15 mars 2023

Quand Alain Berset s’oppose au parti de la guerre




C’est peut-être surprenant, mais il arrive à Alain Berset, conseiller fédéral socialiste (même si ce n’est pas flagrant) et actuel président de la Confédération, de tenir des propos intelligents, à contre-courant et même courageux (quand il ne parle ni des retraites, ni des assurances maladie évidemment).

 

Alain Berset donnait en effet une interview au journal Le Temps, parue dans le numéro du 4 mars 2023. Il était interrogé sur la politique étrangère de la Confédération, principalement en lien avec la guerre en Ukraine. Il a défendu à cette occasion la politique menée par le Conseil fédéral, avec une posture globalement conservatrice – il ne faut pas changer les règles en temps de crise, ne pas toucher aux fondamentaux – et en insistant sur le rôle particulier de la Suisse. Mais il a fondé cette posture sur une analyse plutôt lucide et à contre-courant de la propagande de guerre atlantiste, avec des propos comme ceux qui suivent :

 

« Je suis très préoccupé par le climat guerrier qui règne actuellement un peu partout dans le monde, y compris en Suisse. On a l’impression que certains acteurs, même d’anciens pacifistes, sont comme emportés par l’ivresse de la guerre. Pourtant, l’histoire du continent et du XXe siècle nous a appris à rester très prudents face à une situation qui pourrait devenir extrêmement dangereuse pour l’Europe, pour la Suisse, pour le respect du droit international. Je le dis en rappelant bien sûr que cette guerre est une véritable tragédie pour l’Ukraine et pour le continent. En même temps, nous ne sommes pas naïfs. Ce conflit dure au moins depuis 2014. Nous devons prendre la mesure de la brutalité de l’invasion russe de février 2022, mais on ne peut pas faire comme si l’annexion de la Crimée en 2014 n’avait pas existé ».

 

L’analyse des événements survenus en 2014 devrait naturellement être plus complexe. La question de la Crimée n’est pas non plus si simple. Mais c’est en soi un signe de lucidité à saluer que de ne pas s’aligner sur le récit de l’invasion russe comme une sorte d’éclair dans un ciel serein, et de dire que le conflit date en tout cas de 2014. Mais pour le reste, ce n’est pas rien d’entendre le président de la Confédération dénoncer, fût-ce en des mots choisis, la propagande de guerre et ses dangers.
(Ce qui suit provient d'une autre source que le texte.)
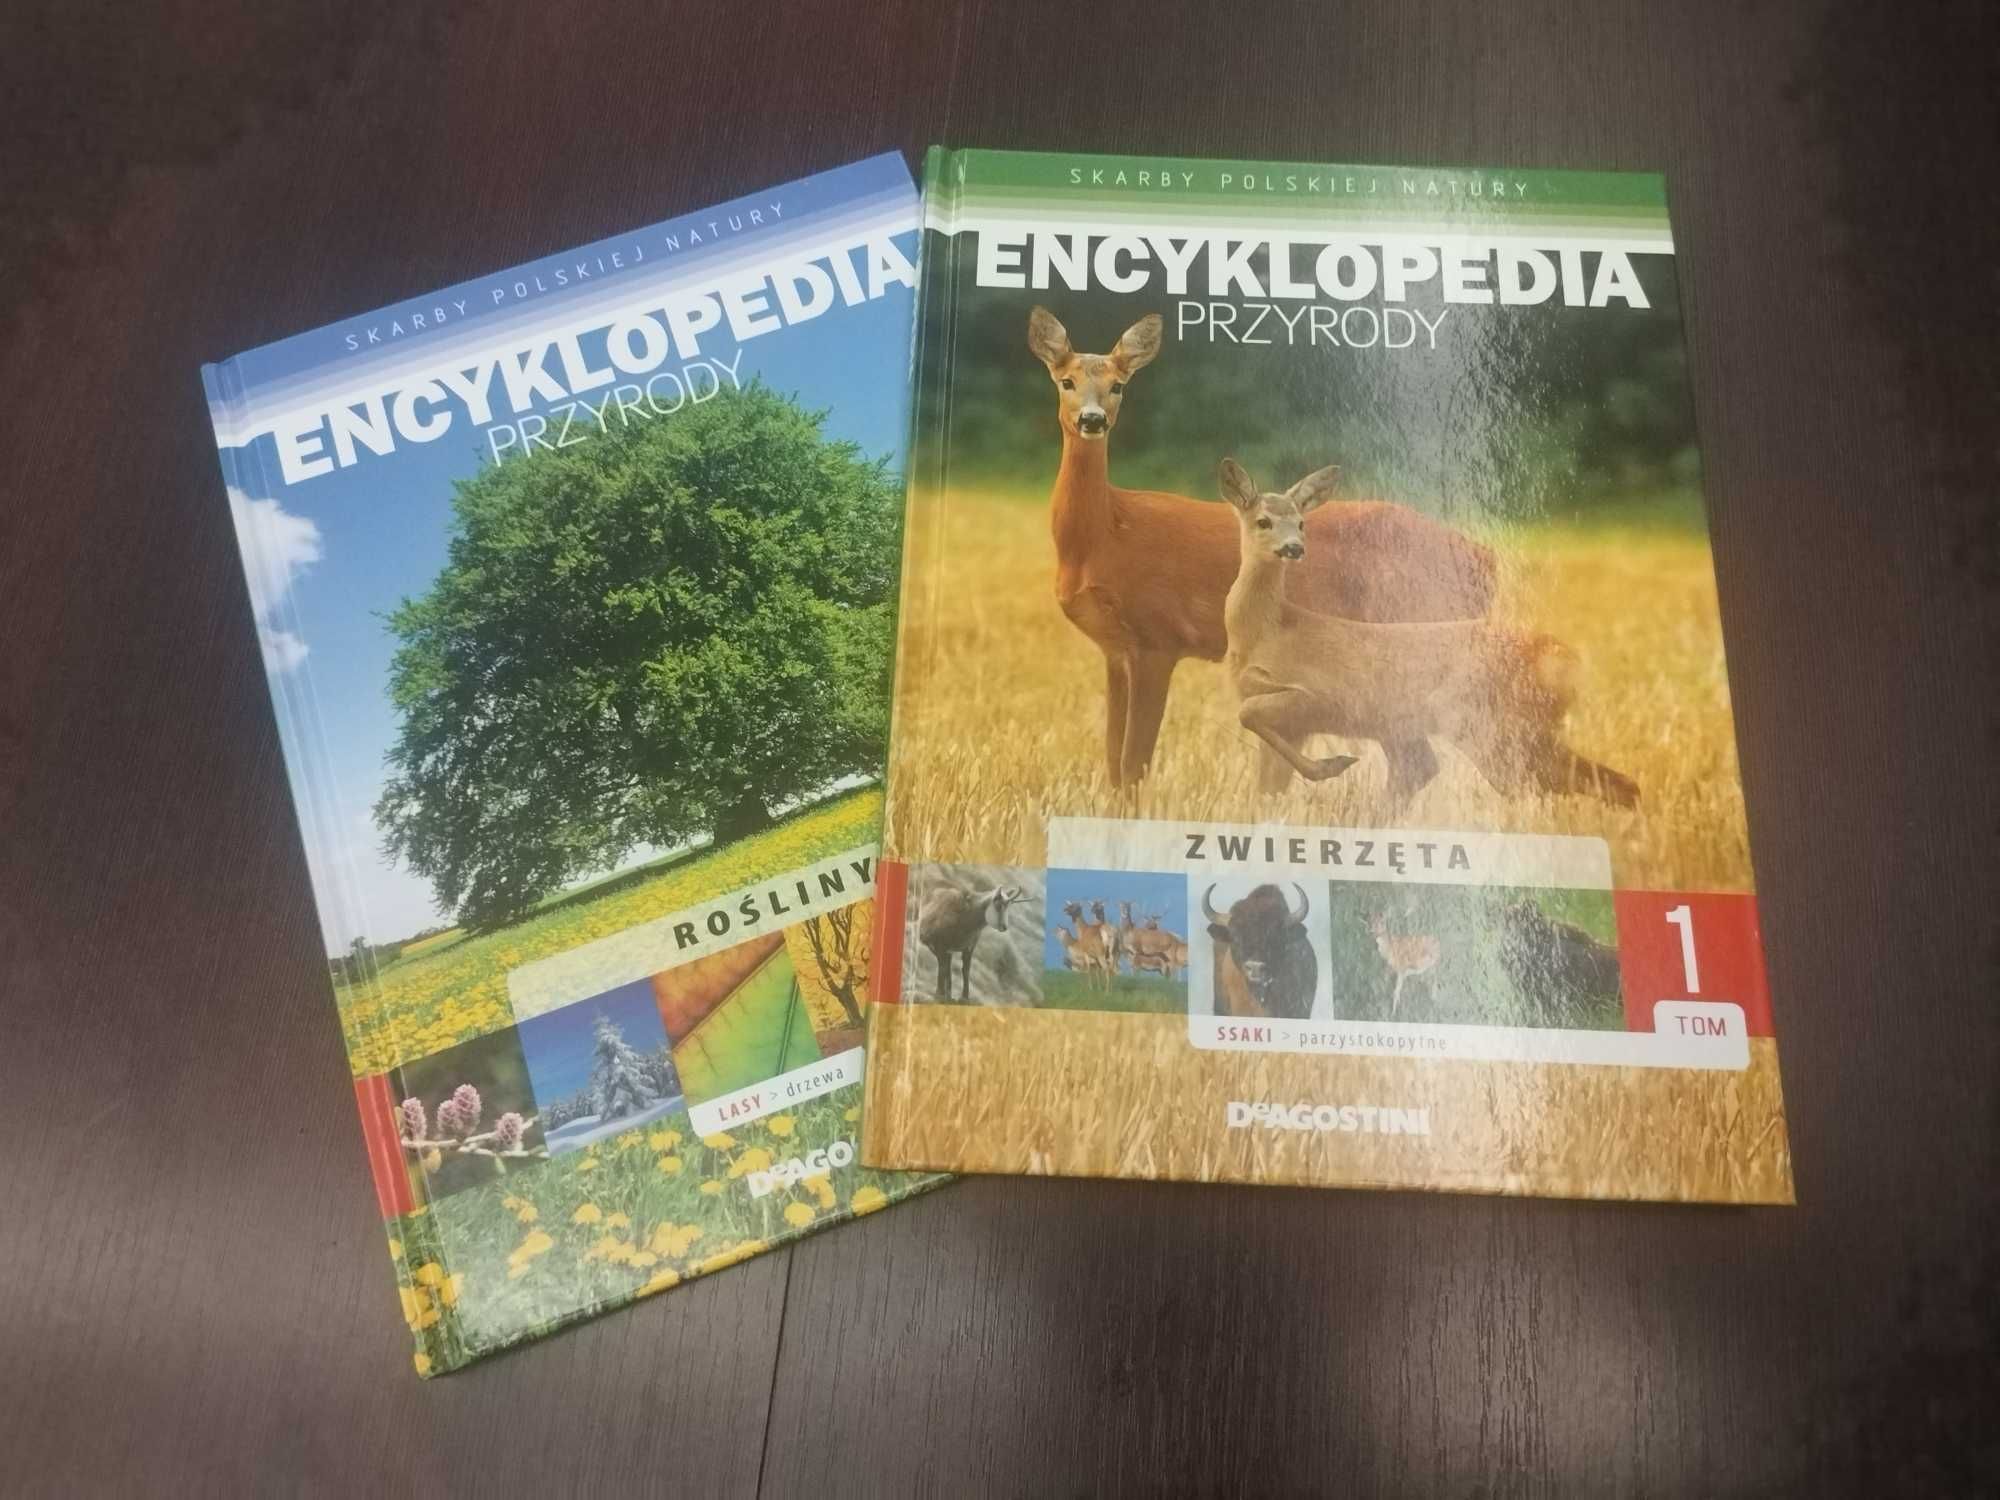 Encyklopedia przytody 33 książki

Quel contraste avec des décideurs de l’UE et de l’OTAN qui affirment que la guerre ne doit se conclure que par la victoire de l’Ukraine, sans préciser jusqu’où devrait aller cette victoire, ni ne se soucier des conséquences de cette posture belliciste, des désastres sans nombre d’une guerre à outrance ! Dénoncer la dérive de certains pacifistes qui cèdent à la propagande de guerre et deviennent des atlantistes enflammés est un acte courageux et important. Certains devraient écouter ces propos d’Alain Berset.

 

Alain Berset a également le mérite de s’opposer fermement à tout affaiblissement des clauses de non-réexportation de matériel de guerre vers des pays belligérants, contre les pressions de l’OTAN et les velléités de certains partis au parlement, dont malheureusement aussi le PSS : 

 

« Nous devons être prudents et ne pas changer les règles de droit en pleine crise. La nécessité, pour les pays qui achètent des armes à la Suisse, d’obtenir une autorisation de réexportation ne vient pas de nulle part. Nous avons eu des cas par le passé où des armes de facture suisse ont été utilisées dans des zones de conflit. Aussi, quelle que soit notre appréciation de cette loi, nous sommes tenus de l’appliquer ».

 

Naturellement, tout cela ne change rien au fait qu’Alain Berset reste un homme d’État au service de la bourgeoisie, et que sa carte de membre du Parti socialiste n’a pour ainsi dire aucune influence sur la politique qu’il mène. En politique étrangère également, il ne déroge par réellement à cette position de classe. Qu’il ait osé tenir des propos à contre-courant de la pesante ambiance d’union sacrée et de propagande de guerre mérite néanmoins d’être salué. Il a reçu du reste pour cela des critiques de la part du PSS (qui ne le critique pas tant pour ses réformes antisociales), d’inspiration atlantiste. Et que le président de la Confédération ait ouvertement donné raison, en partie du moins, à la position soutenue par le Parti du Travail depuis le début de la guerre en Ukraine mérite d’être remarqué. Alors que la guerre en Ukraine a ouvert la boîte de Pandore, favorisé un retour en force du militarisme un peu partout, permis la renaissance sans restriction du militarisme allemand et du militarisme japonais, conduit à une hausse spectaculaire des dépenses d’armement et de la production d’armes, accru les tensions avec un danger en hausse dramatique d’une conflagration mondiale, aucun allié pour une politique de paix n’est de trop.